To use secondary boot disks, first construct a disk containing all of your images, then make an image from the disk and provide the disk image when you build secondary boot disks for your GKE node pools. See the documentation for more details.
Accelerating model weights load times
Checkpoints, or snapshots of model weights, are produced by many machine learning frameworks and stored in object storage like Google Cloud Storage, which is a popular option for long-term storage. The two primary solutions for retrieving your data at the GKE-pod level using Cloud Storage as the source of truth are Hyperdisk ML (HdML) and Cloud Storage Fuse.
There are two primary factors to take into account while choosing a product:
- Performance: the speed at which the GKE node can load the data
- Operational simplicity: how simple is it to make changes to this information?
For model weights stored in object storage buckets, Cloud Storage Fuse offers a direct connection to Cloud Storage.

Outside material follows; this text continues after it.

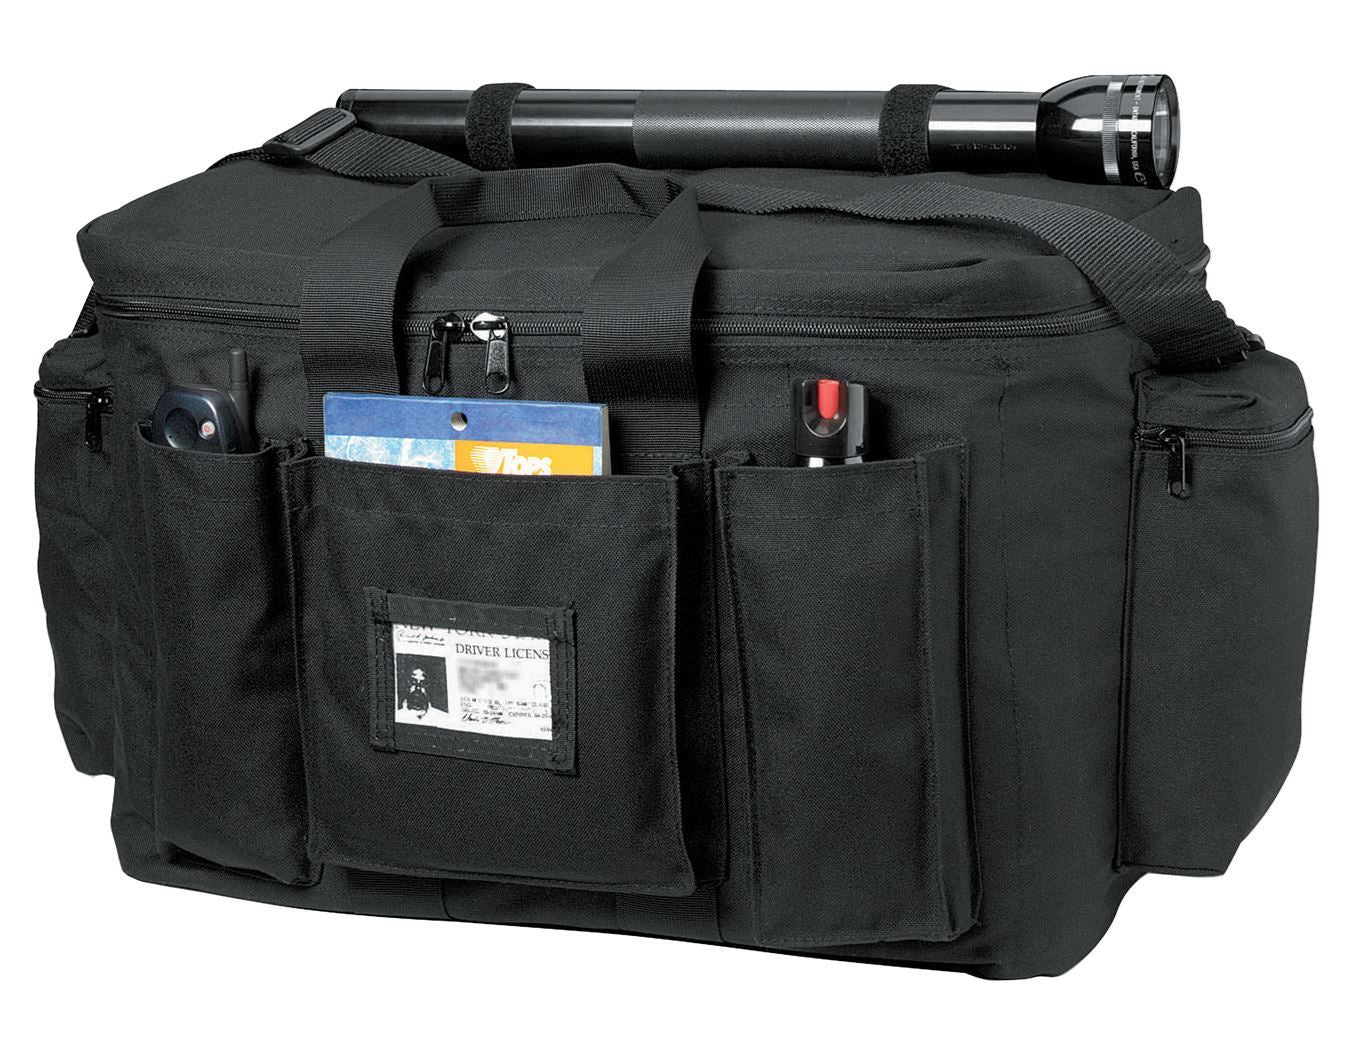 Tactical Police Equipment Gear  Bag - Black. 1 Ea.
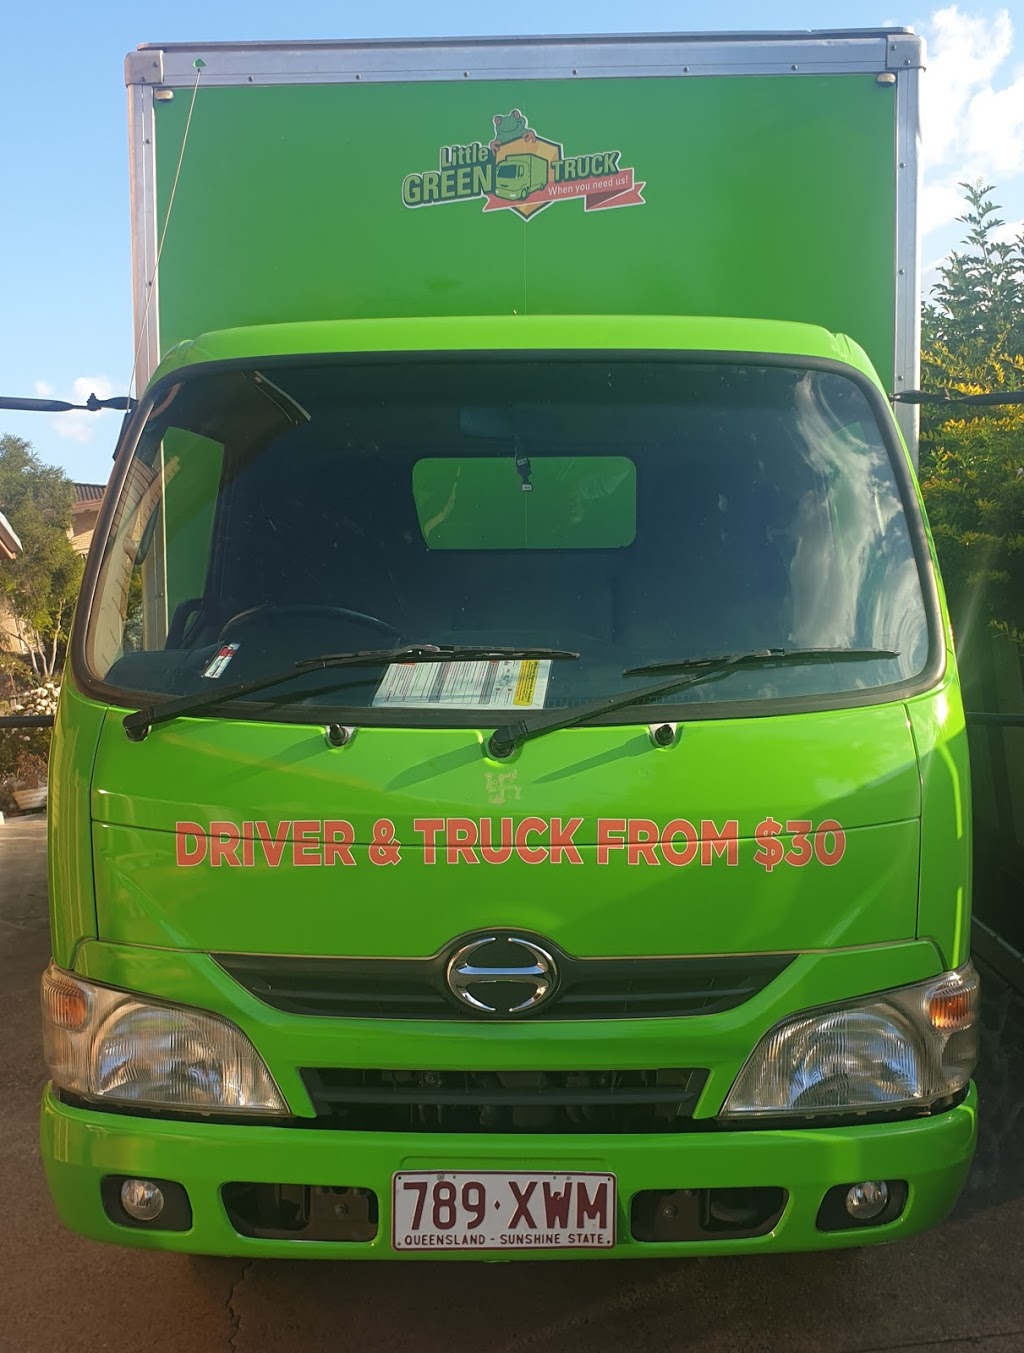 Little Green Truck The Gabba | 144 Samuel St, Camp Hill QLD 4152, Australia | Phone: 0422 506 040

To avoid repeated downloads from the source bucket, which increase latency, there is also a caching option for files that must be read more than once.
Because a pod doesn’t need to do any pre-hydration operational tasks in order to download new files into a designated bucket, Cloud Storage Fuse is an attractive option. Note that you will need to restart the pod with an updated Cloud Storage Fuse configuration if you alter the buckets to which the pod is attached. You may increase speed even further by turning on parallel downloads, which cause many workers to download a model at once, greatly enhancing model pull performance.
Compared to downloading files straight to the pod from Cloud Storage or another online source, Hyperdisk ML offers you superior speed and scalability. Furthermore, a single Hyperdisk ML instance may support up to 2500 nodes with an aggregate bandwidth of up to 1.2 TiB/sec. Because of this, it is a good option for inference tasks involving several nodes and read-only downloads of the same data. In order to utilize Hyperdisk ML, put your data into the disk both before and after each update. Keep in mind that if your data changes often, this adds operational overhead.
Your use case will determine the model+weight loading product you choose. Each is compared in further depth in the table below:
Storage Option | Ideal Use Case | Performance | Availability | Model update process |
Cloud Storage Fuse with GKE CSI | Frequent data updates | Fast | Regional. Pods can freely be deployed across zones and access data. | Redeploy pods and update persistent volume claims to point the Cloud Storage CSI to the bucket or file with the new data. |
Hyperdisk ML with GKE CSI | Minimal data updates | Fastest | Zonal. Data can be made regional with an automated GKE clone feature to make data available across zones. | Create new persistent volume, load new data, and redeploy pods that have a PVC to reference the new volume. |
As you can see, while designing a successful model loading approach, there are more factors to consider in addition to throughput.
In conclusion
Workload starting times may be prolonged when loading big AI models, weights, and container pictures into GKE-based AI models. Using Hyperdisk ML OR Cloud Storage Fuse for models + weights, or a secondary boot disk for container images, a mix of the three previously mentioned techniques Prepare to speed up your AI/ML inference apps’ data load times.